When America is no longer obviously firmly supporting our democratic allies, that is a signal to our enemies that, okay, now you can unleash the dogs of war.
So Trump's support for Israel was absolutely critical for the Abraham Accords, which amazingly brought this peace between The Israelis and the Gulf Sunni Arabs.
I mean, many people thought that wasn't even possible.
But it's that no daylight policy that is so conducive to peace.
Whereas you saw, you know, Obama and really Biden to an extent, you know, oh, do we want to give the Israelis weapons?
Do we want to twist their arm?
Do we want to try to get some Iran deal?
That is so provocative.
That is like a recipe for war.
And so, you know, maybe some people get frustrated with various allies of ours.
But you got to realize that, you know, like in a family, you know, dealing with outsiders, like you kind of keep the family business on the inside.
And to the outsiders who, you know, could don't wish your family harm, who wish your family harm, you show solidarity.
And it was just fascinating.
I mean, just recently, Anthony Blinken admitted, the Secretary of State under Biden just admitted that the more The Biden administration pressured Hamas to release these hostages in Gaza, that the more reluctant Hamas was to release them.
I mean, that's a stunning admission, but it goes right to this point that with your allies, you hold them really close.
That doesn't mean that you don't have disagreements, but you don't allow that daylight to be exploited by these authoritarian, horrific regimes, you know, whether it's China or whether it's the Iranians and, you know, Al Qaeda, ISIS, you know, whomever.
You keep your democratic allies close.
So you kind of mentioned the peace through strength aspect.
And I would say this, you know...
In large part, I really liked Trump's foreign policy.
I'd agree with you that he didn't start any new wars, but at the same time, you know, he talked a tough game against Saudi Arabia.
He gets in there, cuts a $400-plus billion arms deal.

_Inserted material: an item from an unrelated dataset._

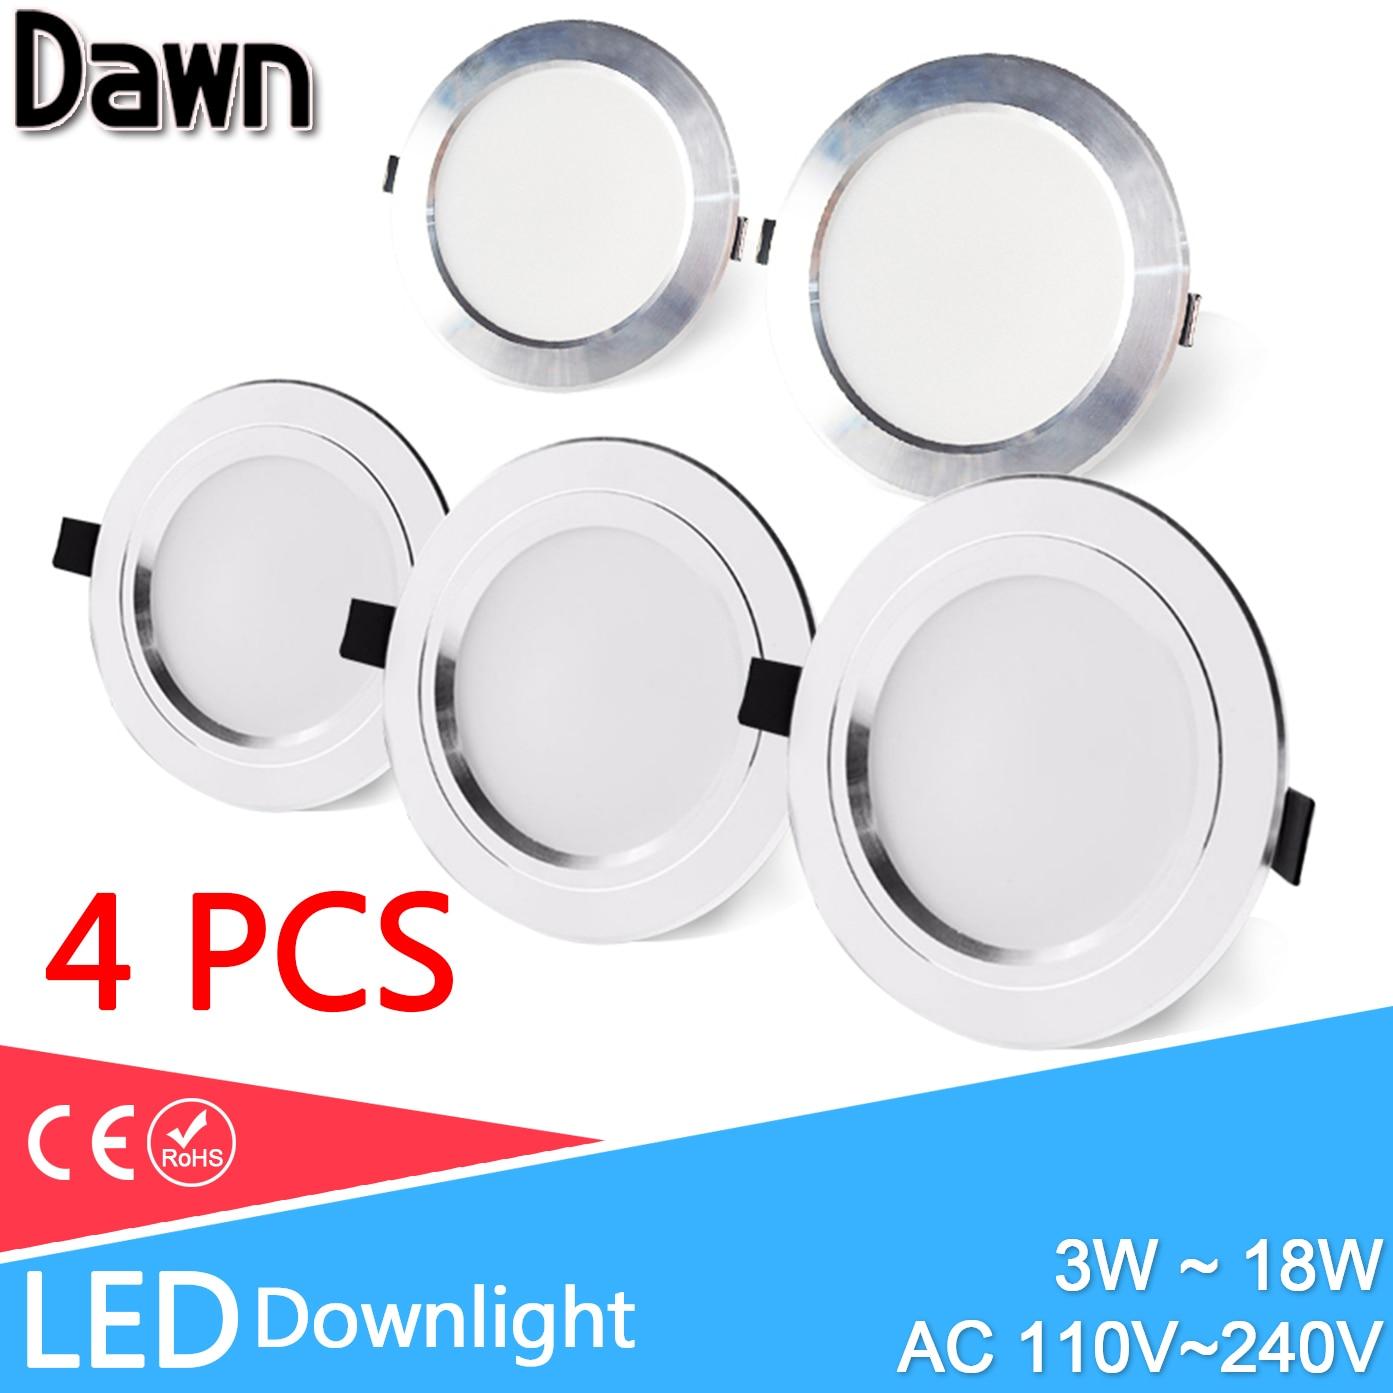 4pcs Ultra Thin LED Downlight 110V 220V Round LED Ceiling Recessed Spot Light Down Light 3W-18W 7W 9W 10W 12W 15W gd dimmable led recessed downlight 3w 5w 7w 10w 12w 15w 20w 24w spot led ceiling down light 110v 220v 230v cob led downlight

I'm not in love with what's going on.
In Yemen.
But at the same time, he was the first guy in my generation to ever talk about the military-industrial complex and name it by name.
He was the first guy to criticize these wars for blood and treasure.

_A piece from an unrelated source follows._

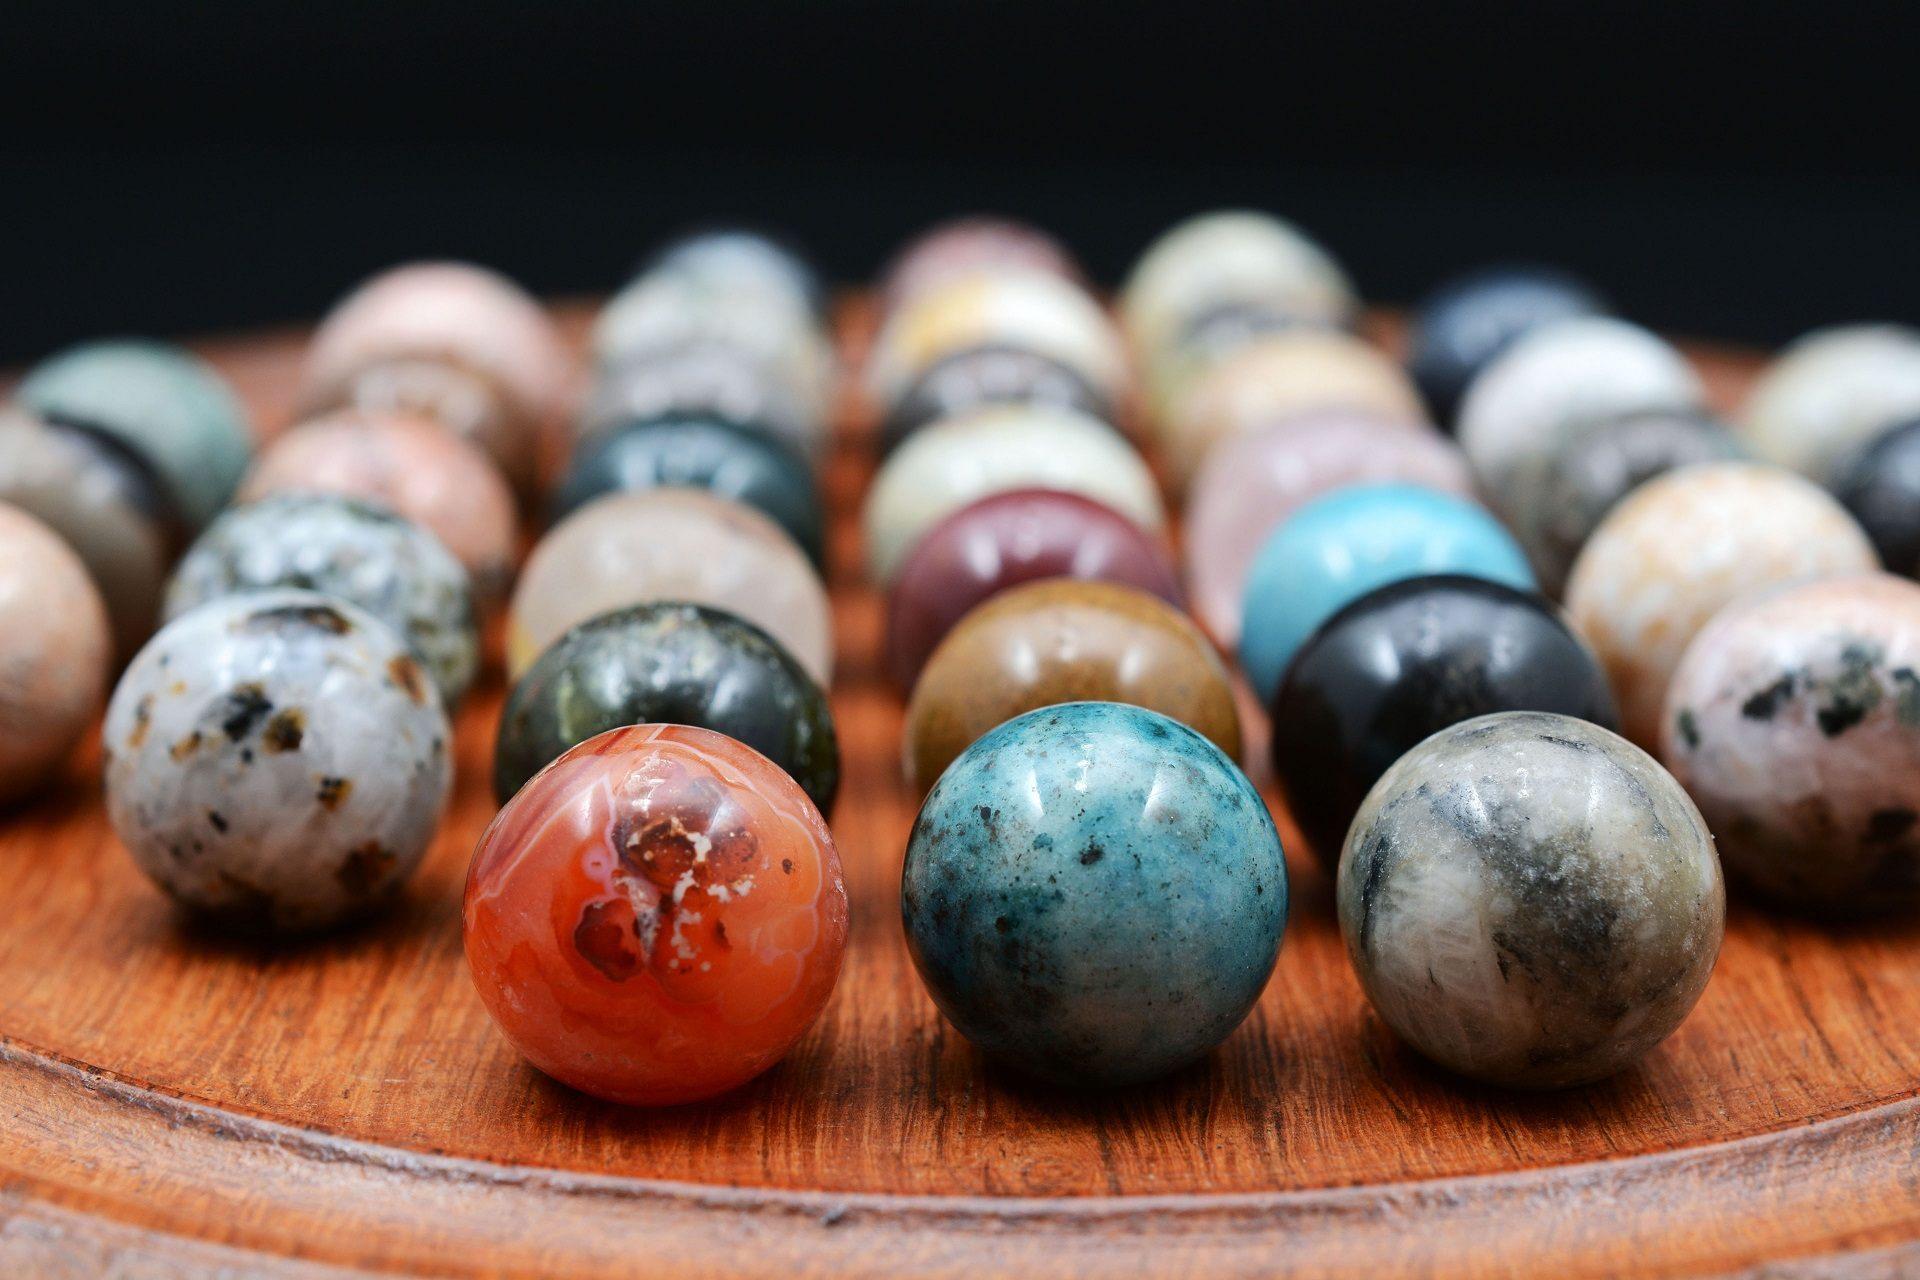 Marble(s)

And I think what's most important, and what I think a lot of nation-states outside of, you know, through strength, is that he was willing to speak to people and be diplomatic.
And I think, you know, him talking to Kim Jong-un...

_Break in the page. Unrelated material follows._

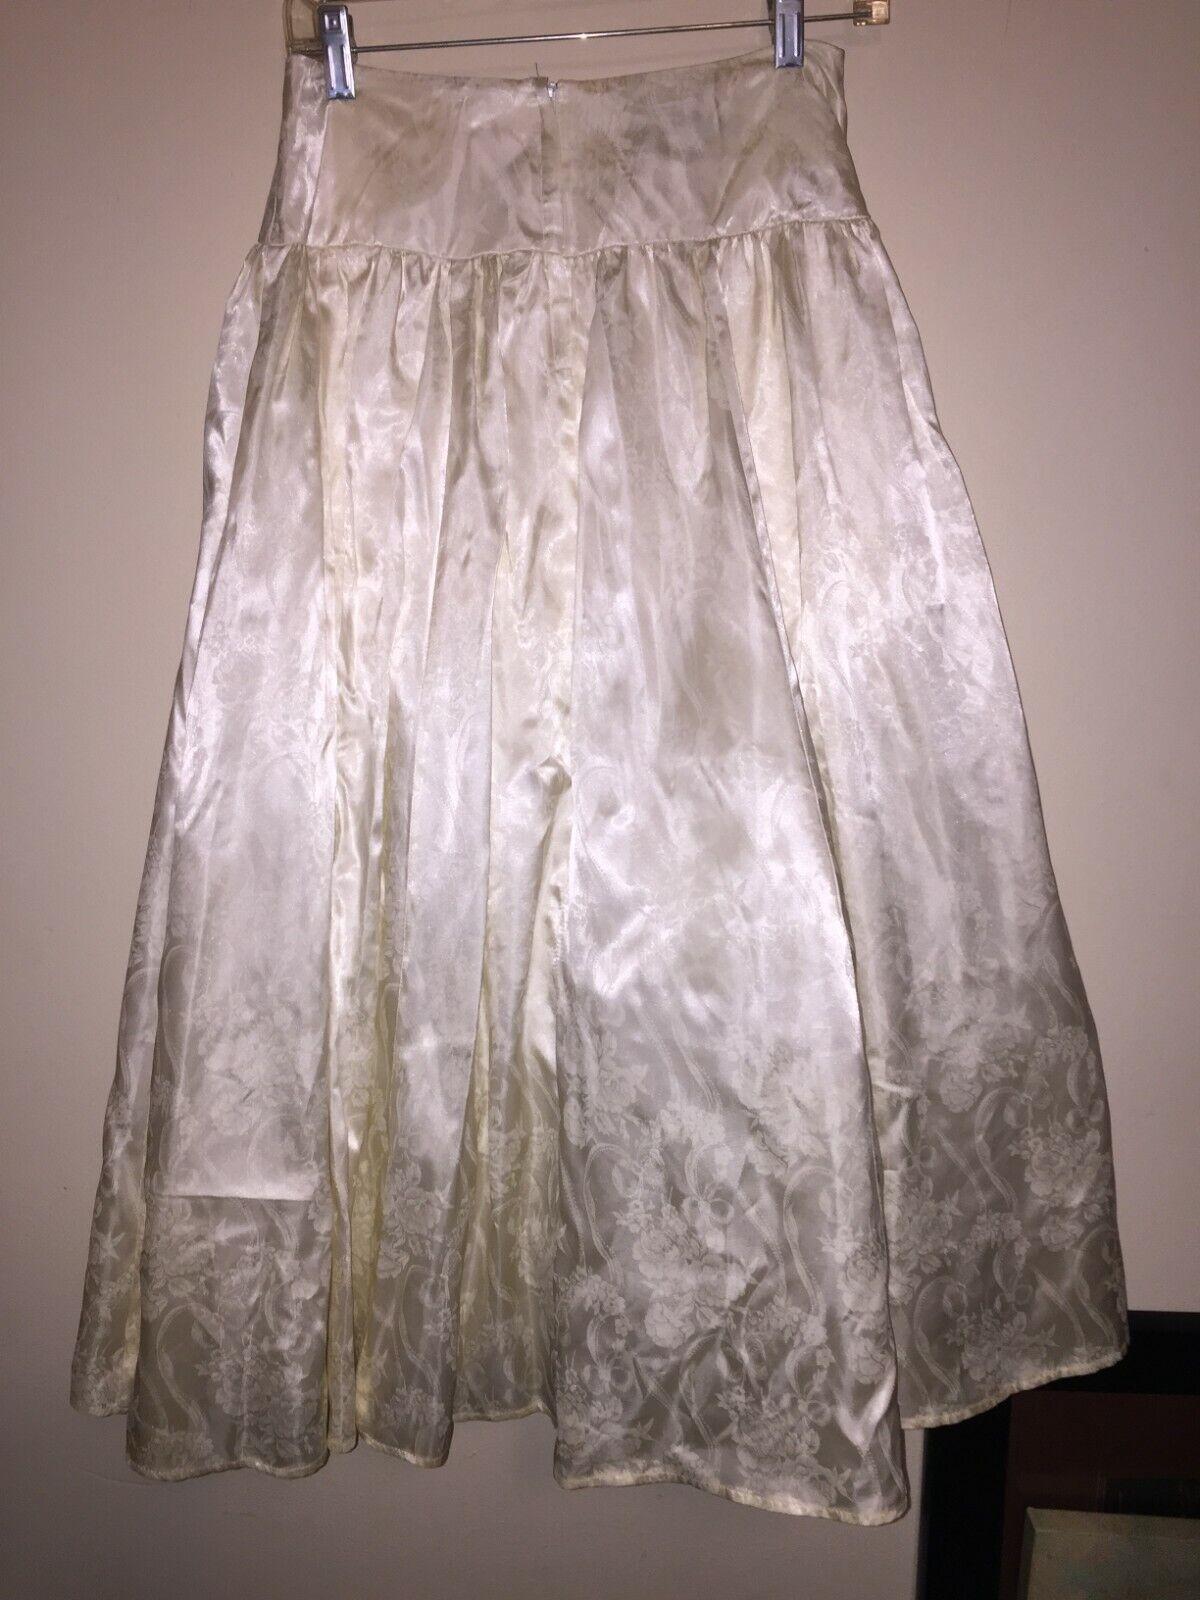 VINTAGE Jessica McClintock Crinoline Skirt 80s - image 4

In particular, was a moment that other people said, all right, well, at least he's willing to discuss things.
Because again...
Outside of the Middle East, I don't know that a nation state or a leader had been more demonized in Western culture than North Korea, right?
Axies of evil.
Even Trump had fun with Little Rocket Man and all that stuff.
But at the end of the day, he was able to make that historic trek into North Korea and have a conversation.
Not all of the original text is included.